La muerte es la antesala del olvido.
Terrible.
Poco más tarde, casi al mismo tiempo, aparece con fuerza un cuerpo doctrinal extremadamente original: el monoteísmo judío. Aunque el faraón Akenatón había realizado un breve intento de revolución monoteísta mil años antes, con su culto al dios Aton, los judíos son los primeros que realmente evolucionan de una pluralidad de dioses a un Dios único; y además fijan su doctrina en un libro que recoge, en ocasiones de manera contradictoria o confusa, la palabra de Dios. Los primeros pasajes de la Biblia muestran esta indeterminación en el hecho de que haya dos versiones diferentes sobre la creación del hombre; y en ocasiones se nombra a Dios utilizando una forma plural, Elohim, aunque seguida de verbos o adjetivos singulares.
Esta inconsistencia se explica porque durante el siglo VI a.C. algunos miembros de la élite judía fueron esclavizados en Babilonia. Cuando al cabo de 70 años se reencontraron los exiliados con los que habían permanecido en Jerusalén, hubo graves diferencias de interpretación. En parte, la necesidad de acordar un mínimo común doctrinal motivó que se pusiera por escrito lo que hasta ese momento habían sido una tradición únicamente oral.
Un inciso: a pesar de lo que acabamos de decir, es cierto que muchos pueblos antiguos politeístas también poseen relatos de un trato familiar con sus dioses, que se rompe por cometer el hombre una imprudencia: los brahmanes, por ejemplo, cuentan que el primer hombre come de un árbol sagrado y cae en desgracia. (El árbol, por cierto, surge en multitud de ocasiones, como en el mito del pueblo chileno alacalufe y el árbol del canelo; también en la mitología nórdica, en la que hombre y mujer son creados de sendos troncos de árboles situados en una playa).
"Barro", "serpiente", "fruta prohibida", "árbol de la sabiduría"... no son mitos cuyo origen se encuentre en un solo libro.

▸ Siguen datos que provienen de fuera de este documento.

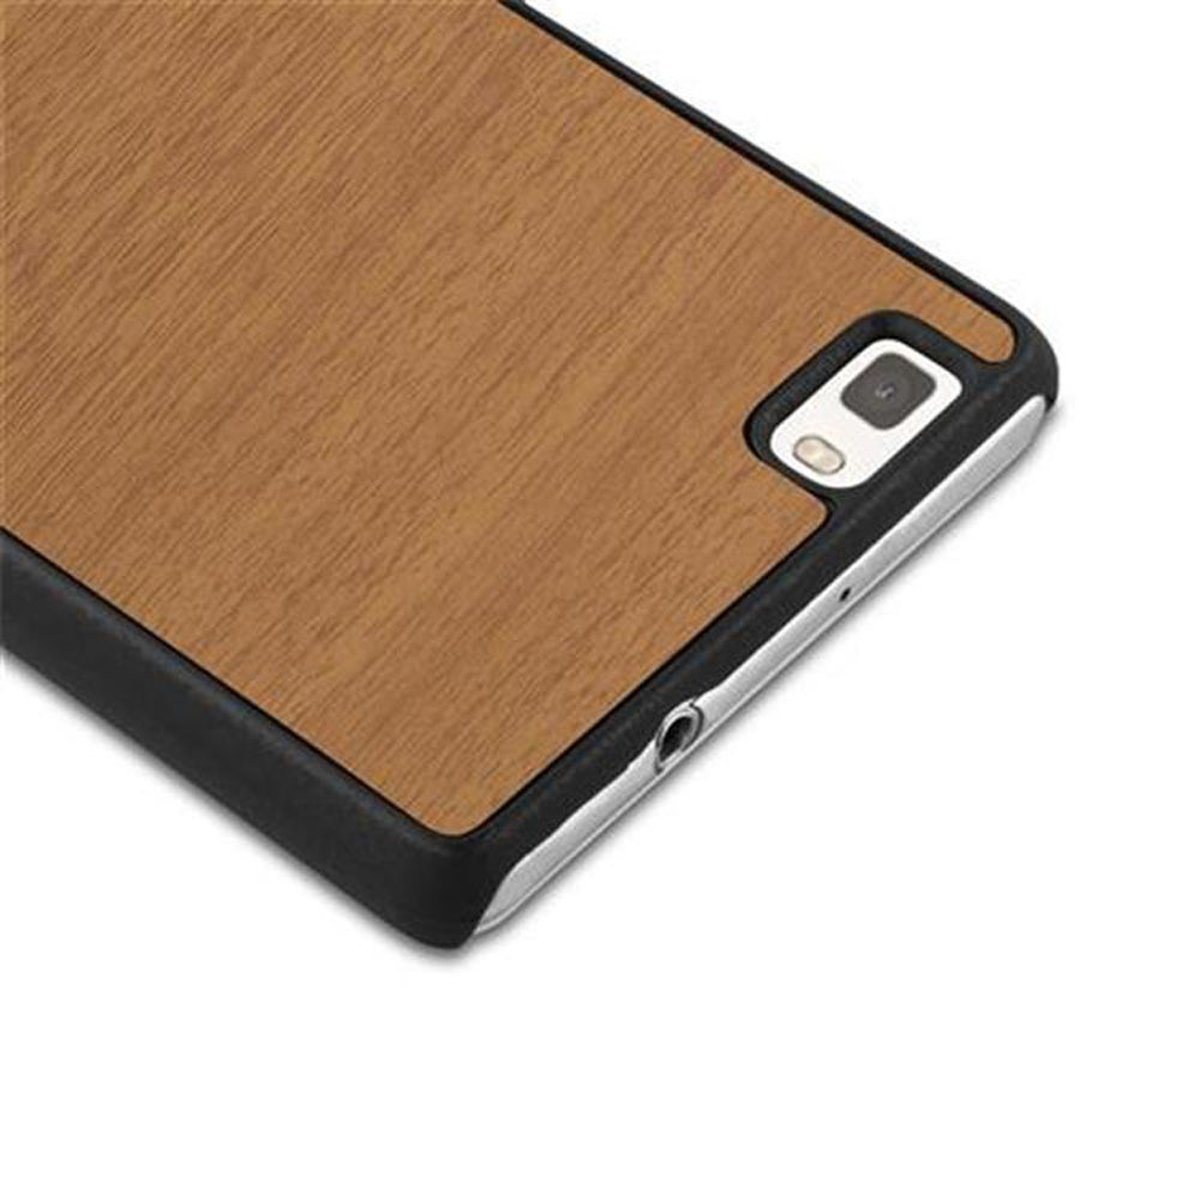 WOODY Woody Backcover, BRAUN Style, Hard LITE Hülle Case Huawei, P8 2015, CADORABO

Después de 70 años de esclavitud y cientos de años de contactos, ¡cómo no iba a ser permeable el imaginario cultural judío a la milenaria cultura mesopotámica! ¿Le quita esto verosimilitud al relato literal de la Biblia? Podría pensarse que así es; pero por otro lado es fascinante que los mismos arquetipos (como el del diluvio universal) se repitan en lugares tan lejanos, unos de otros, como Australia, Centroamérica o Europa ¿No les parece?
No lo parece si se lee el "Libro de Job", en donde su protagonista, tras haber sufrido las mayores calamidades, se lamenta diciendo:
"Acuérdate que mi vida es un soplo, Y que mis ojos no volverán a ver el bien. Los ojos de los que me ven, no me verán más; Fijarás en mí tus ojos, y dejaré de ser. Como la nube se desvanece y se va, Así el que desciende al Seol (hades) no subirá; No volverá más a su casa (...)
¿No son pocos mis días? Cesa, pues, y déjame, para que me consuele un poco, antes que vaya para no volver, a la tierra de tinieblas y de sombra de muerte; Tierra de oscuridad, lóbrega, como sombra de muerte y sin orden, y cuya luz es como densas tinieblas. (...)
Pusieron la noche por día, Y la luz se acorta delante de las tinieblas. Si yo espero, el Seol es mi casa; Haré mi cama en las tinieblas. A la corrupción he dicho: Mi padre eres tú; A los gusanos: Mi madre y mi hermana. ¿Dónde, pues, estará ahora mi esperanza? Y mi esperanza, ¿quién la verá? A la profundidad del Seol descenderán, Y juntamente descansarán en el polvo."
Luego se arrepentirá de sus palabras, y Dios le recompensará con una vida larga y próspera. Pero queda en su lamento la idea del vacío, de la nada tras la muerte: "dejaré de ser", "haré mi cama en las tinieblas".
De nuevo en Eclesiastés 9 encontramos un trasunto claro del "carpe diem" de Horacio:
"Aún hay esperanza para todo aquél que está entre los vivos; porque mejor es perro vivo que león muerto.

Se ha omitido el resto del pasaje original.